REYNOSA, Mexico –
The U.S. military conducted exercise Fuerzas Amigas 2022 with the Mexican military at Campo Militar Reynosa in Reynosa, Mexico, Oct. 16-21, 2022.
Fuerzas Amigas is an annual bilateral exercise focused on defense support of civil authorities and Mexico’s National Defense Plan – III-E. The exercise aims to strengthen the bilateral military-to-military partnership conducting disaster response operations along the U.S.-Mexico border.
This year’s exercise included a Women, Peace, and Security, or WPS, objective for the first time, integrating a gender perspective into exercise planning, design, and execution in support of our mutual WPS objectives.

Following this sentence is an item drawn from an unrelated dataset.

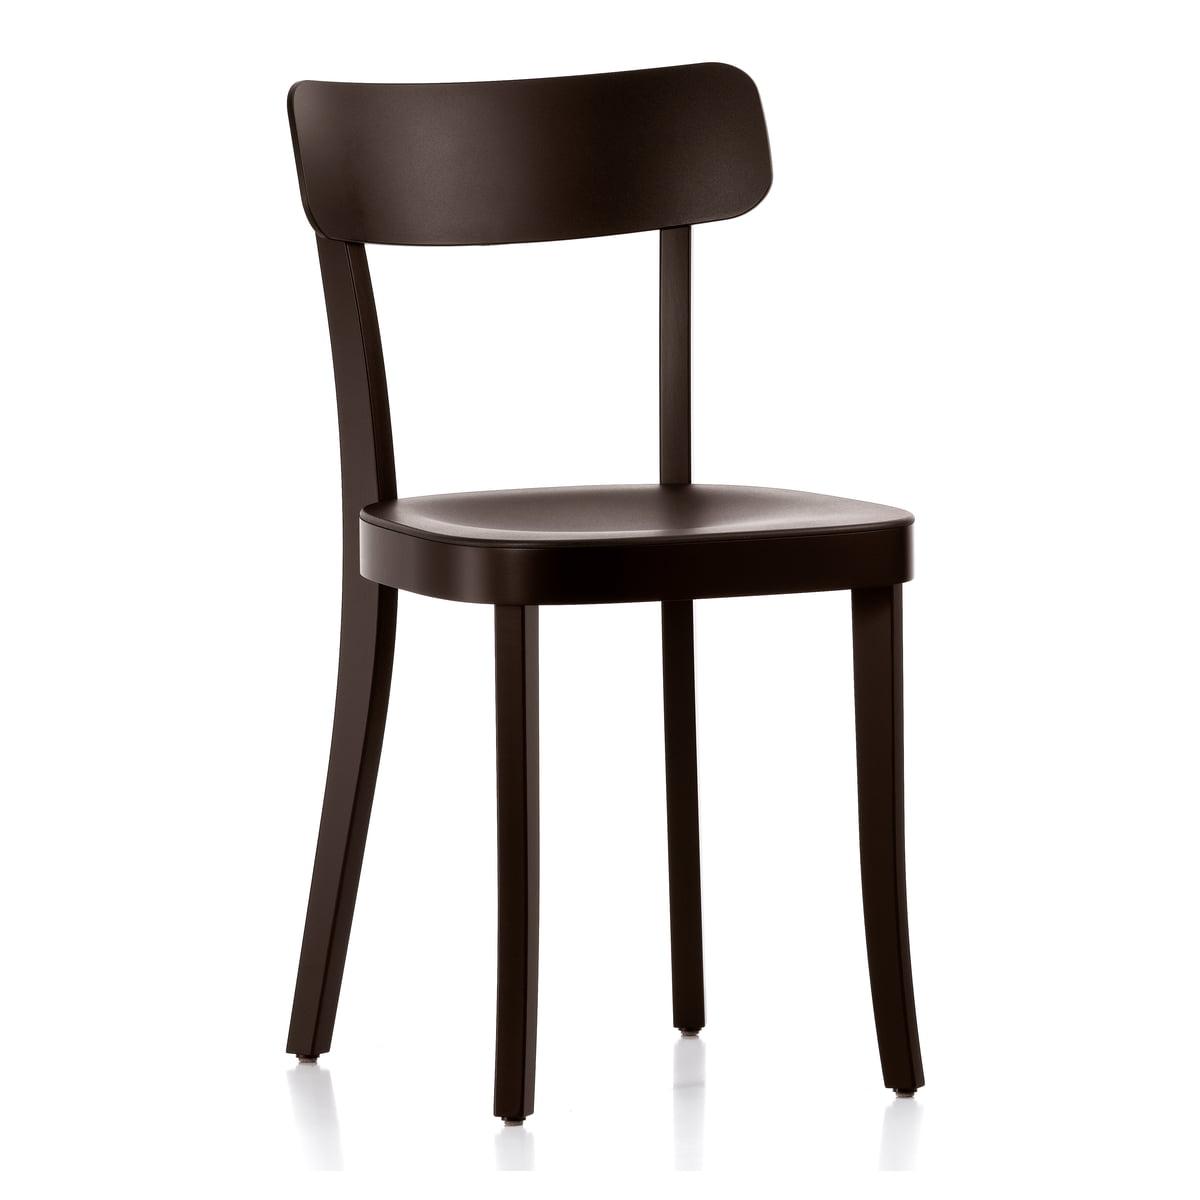 basel chair vitra shop. Black Bedroom Furniture Sets. Home Design Ideas

WPS is a policy framework that evolved from U.N. Security Council Resolution 1325 (2000), which recognized women as critical actors in international peace and security. Mexico signed its first WPS National Action Plan in 2021. The United States codified WPS into U.S. law with the WPS Act of 2017. Both the U.S. and Mexican militaries have mandates to implement this program.
“Our Defense Secretary has placed special emphasis on including women into all branches of the armed forces and all jobs,” said Mexican army soldier Subtiente (2nd Lt.) Guadalupe Tenorio Barragan, a nurse with Regional Military Hospital of Specialties Monterrey said, “Inclusion of women makes us a more effective force.”
WPS seeks to ensure the meaningful participation of women in peace and security processes and ensure the safety, security and human rights of women and girls. For disaster response operations, integrating a gender perspective is critical to understanding the distinct needs of an affected population. This helps the U.S. military, and our partners better understand the operational environment and tailor disaster operations to assist the communities we serve to save lives and mitigate human suffering.
Fuerzas Amigas 2022, a major hurricane scenario in the Texas-Mexico border region, tested both nations’ collaborative response and enhanced mutual understanding of response operations on both sides of the border. Both the U.S. and Mexican militaries employed diverse teams for the exercise.
“Deploying disaster response teams that look like the community we serve is important in building trust and confidence,” said Mexican Air Force Teniente (1st Lt.) Ozuki Velazquez Aparicio, a nurse from Helicopter Squadron Military Air Base Five.